When running my tests I have to declare a Java agent (for EclipseLink). I would however prefer not to hard-code the JAR reference but rather resolve the physical location of an already declared dependency?
‘iterator().next()’ gives just the first file. You’ll want something like ‘configurations.javaAgentOpenJpa.asPath’, depending on the exact syntax expected by the ‘-javaagent’ switch.
Hi Thanks for all your help! While the javaagent is being invoked now I still seem to have a Gradle issue for which I have no explanation.
In Eclipse (Project imported using STS) I run all my tests successfully. I have tests that run using OpenJPA, EclipseLink and Hibernate. In Eclipse I provide the following VM arguments to allow for runtime intrumentation of my JPA classes.
This works perfectly in Eclipse. However, I don’t seem to get the same to work with plain Gradle. I am getting:
<openjpa-2.2.0-r422266:1244990 fatal user error> org.apache.openjpa.util.MetaDataException: The type “class org.springframework.integration.jpa.test.entity.StudentReadStatus” has not been enhanced.
Please fix the formatting or repost. ‘compileTestJava’ shouldn’t be configured inside ‘test’. Instead of ‘files.iterator().next()’, you should use ‘singleFile’. You also forgot the ‘doFirst’, which will cause problems. Make sure you try with rc-1.
Well, I better don’t write Markdown at 2am in the morning…

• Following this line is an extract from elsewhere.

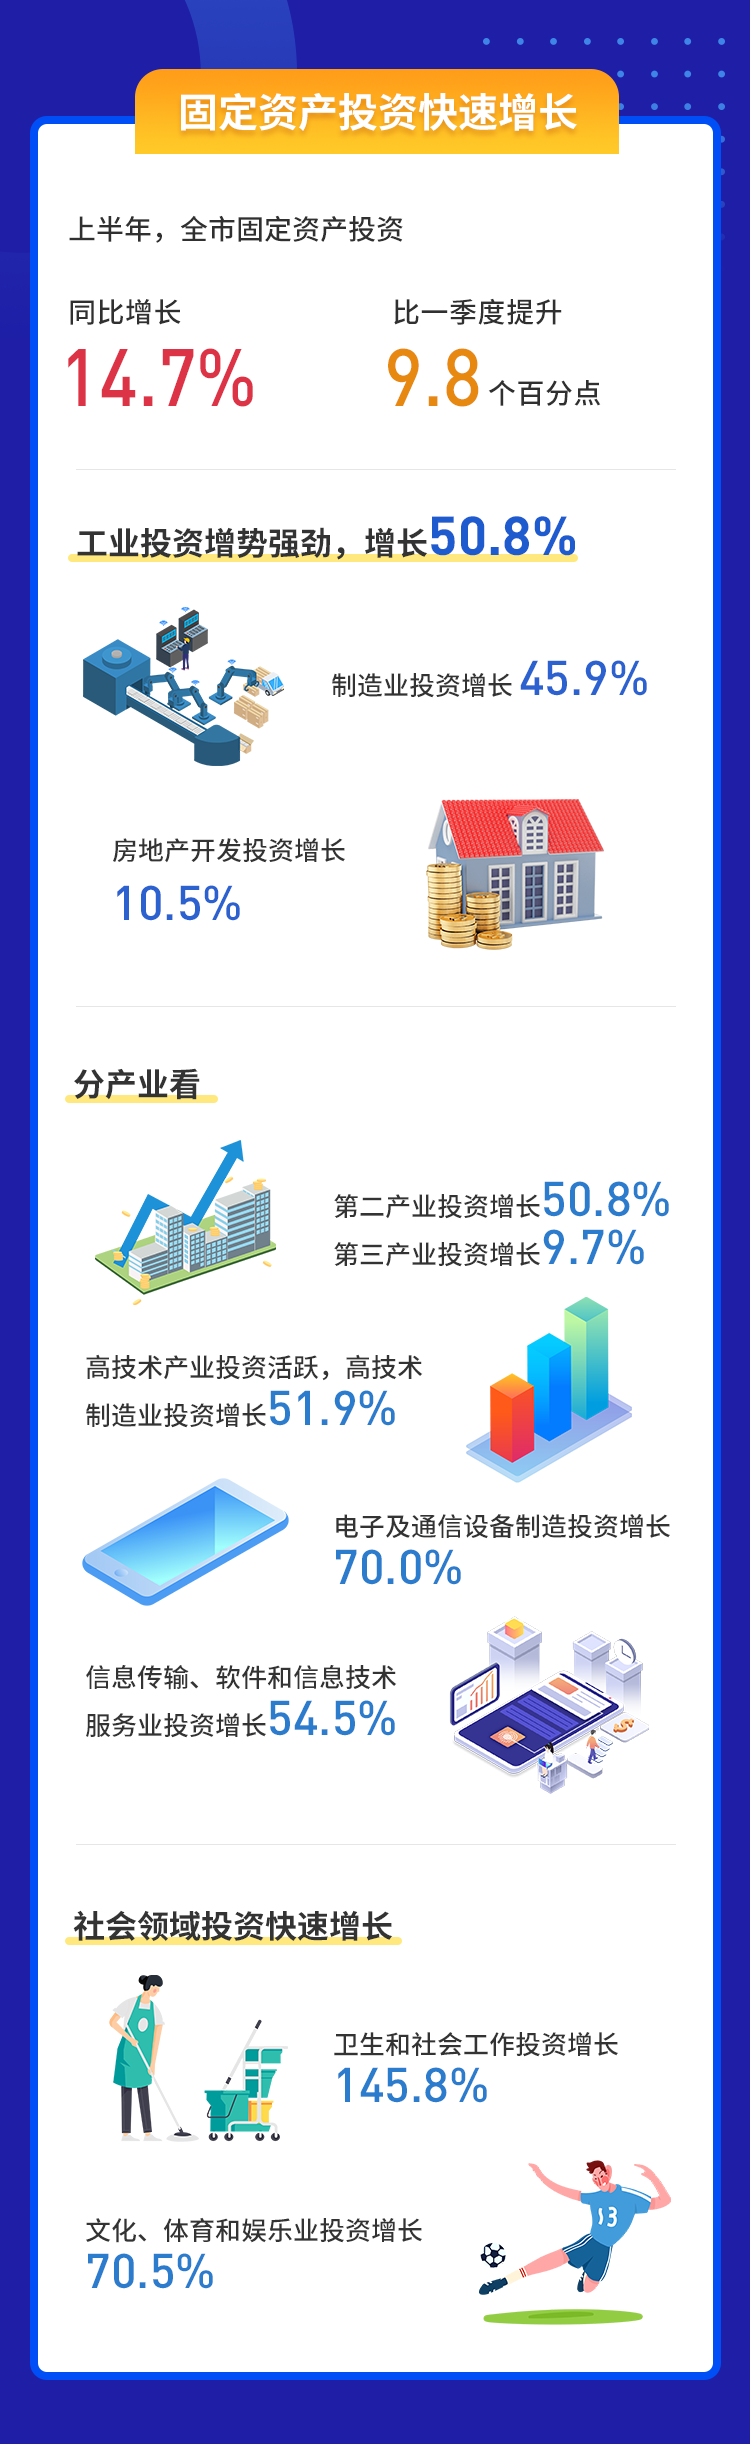 上半年深圳地区生产总值达1.5万亿元

Anyway, upgrading to Gradle 1.0-rc-1 fixes my issues. I wonder what was going on, it looks like the classpath was not resolved correctly. Anyway, it is working now. Regarding your recommendation for using configurations.javaAgentOpenJpa.singleFile: That causes the following error:
Expected configuration ‘:spring-integration-jpa:javaAgentOpenJpa’ to contain exactly one file, however, it contains 10 files.
I only need the first file in the collection, which resolves to /path/to/openjpa-2.2.0.jar. Since you discourage using configurations.javaAgentOpenJpa.files.iterator().next(), what shall I use instead?
In in the interim, the following configuration using Gradle 1.0-rc-1 works now:
rc-1 contains a fix regarding Java agents. If you only need the first file, a cleaner solution would be to make sure that the configuration resolves to just that file. Otherwise, you’ll have to stick to your approach.